Había llegado a la altura del colegio, cegada por la humareda fría. Era muy raro; Laura había estado en algunas discotecas techno con emisores de humo artificial, pero nunca se había sentido tan perdida, tan atrapada como entre esa niebla.
       No sabía cómo pero lo vio; seguramente por ir mirando al suelo para no tropezar con el bordillo. Había algo, que estaba segura que no estaba allí antes. Se agachó para verla.
      Una zapatilla deportiva blanca, con los cordones atados, rozando la tapia del edificio. La recogió. Estaba fría, usada, y le sonaba.
      —¡Carlos! —gritó hacia el colegio—. ¿Estás ahí?
      Se acercó al elíseo, sintiéndose debajo de una ducha. Miró a los cristales, con la esperanza de que si había entrado (a saber por qué) pudiese ver su silueta. Se quedó boquiabierta al ver, en su lugar, lo que parecía el relente blanco flotando dentro del edificio.
       Laura entró siete pasos en el patio, todavía sosteniendo la zapatilla. Pudo ver la puerta abierta, aunque las ventanas parecían todas enteras. Y cerradas.
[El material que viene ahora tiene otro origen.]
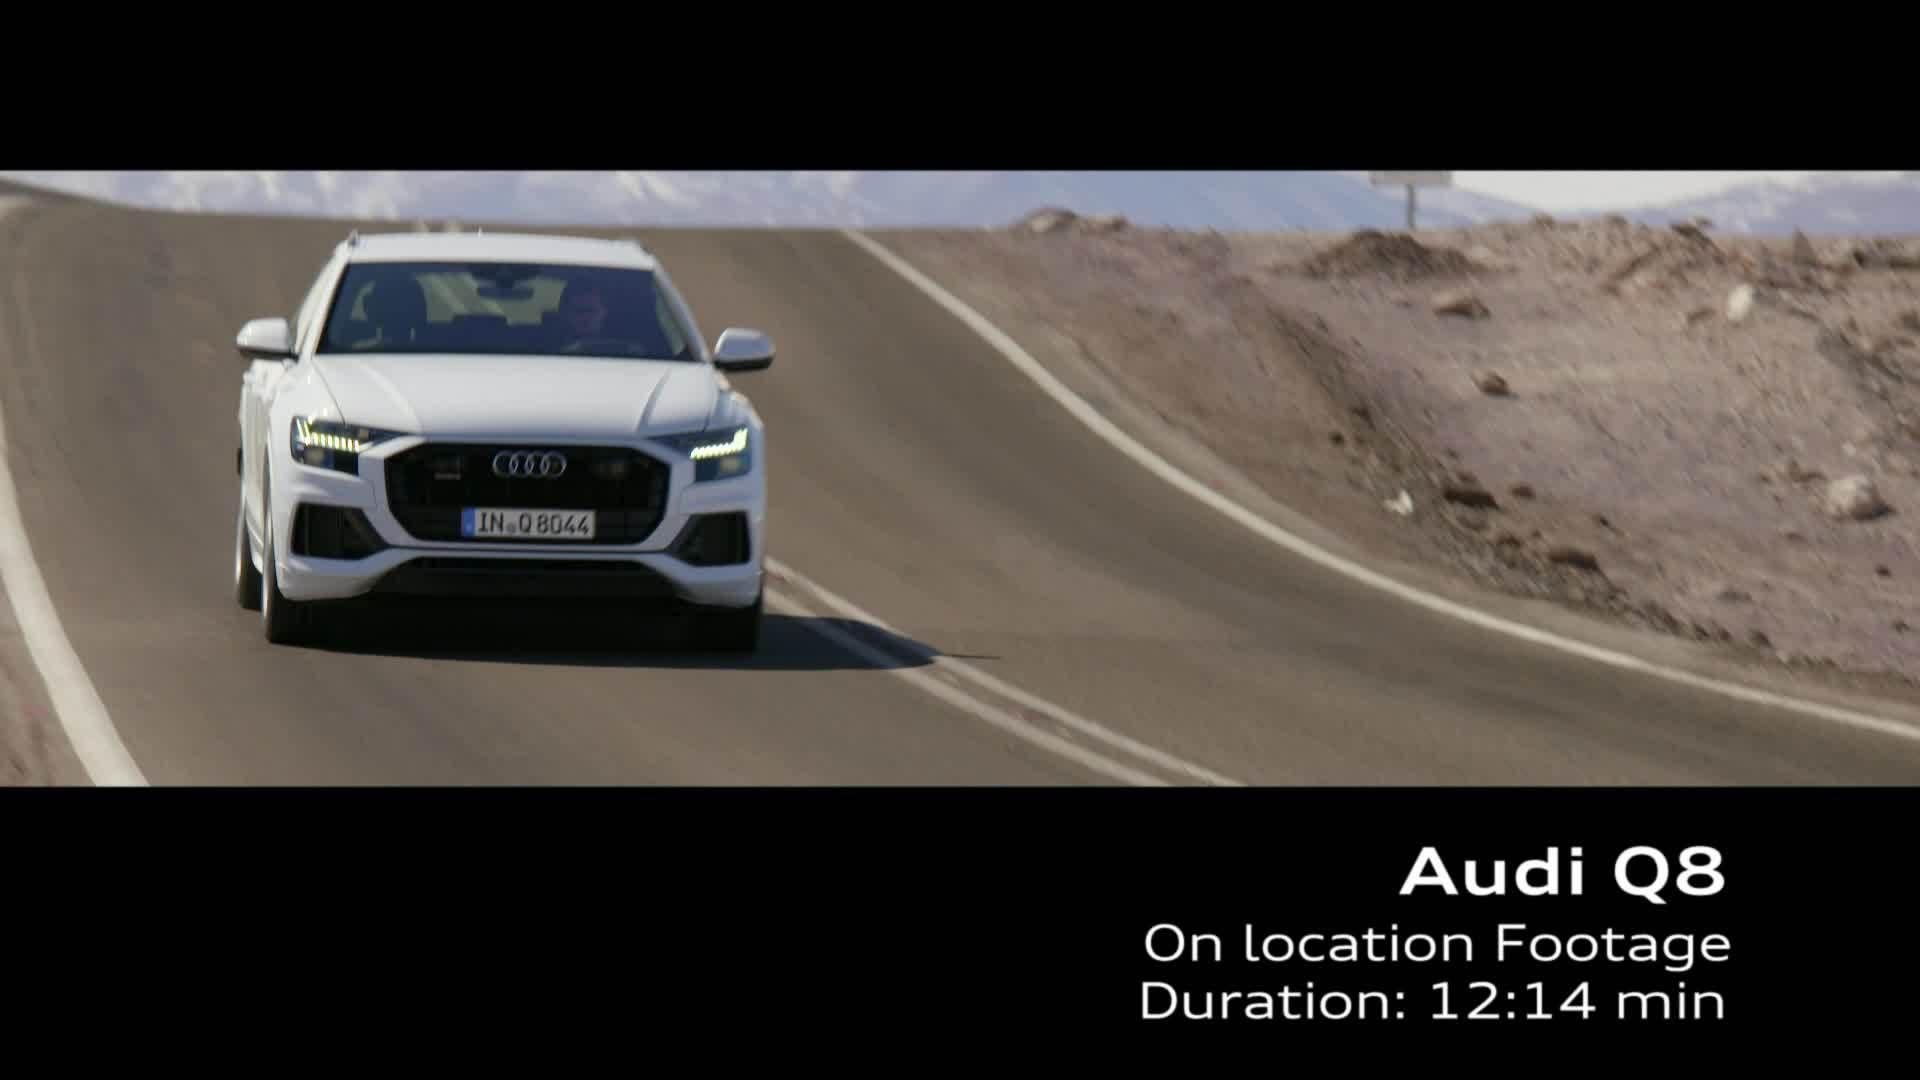 Audi Q8 Footage Chile Gletscherweiß

      Olvidándose del asco que normalmente sentiría por coger algo sudado de otra persona, llevó la zapatilla entre las manos hasta la calle, momento en que la soltó. Si su dueño volvía a buscarla, mejor que siguiese donde la dejó.
     ¿Pero por qué iba a quitarse la zapatilla y seguir? Estando el suelo así…
      Continuó hasta la mina. Todos pensaban que había ido hacia allí.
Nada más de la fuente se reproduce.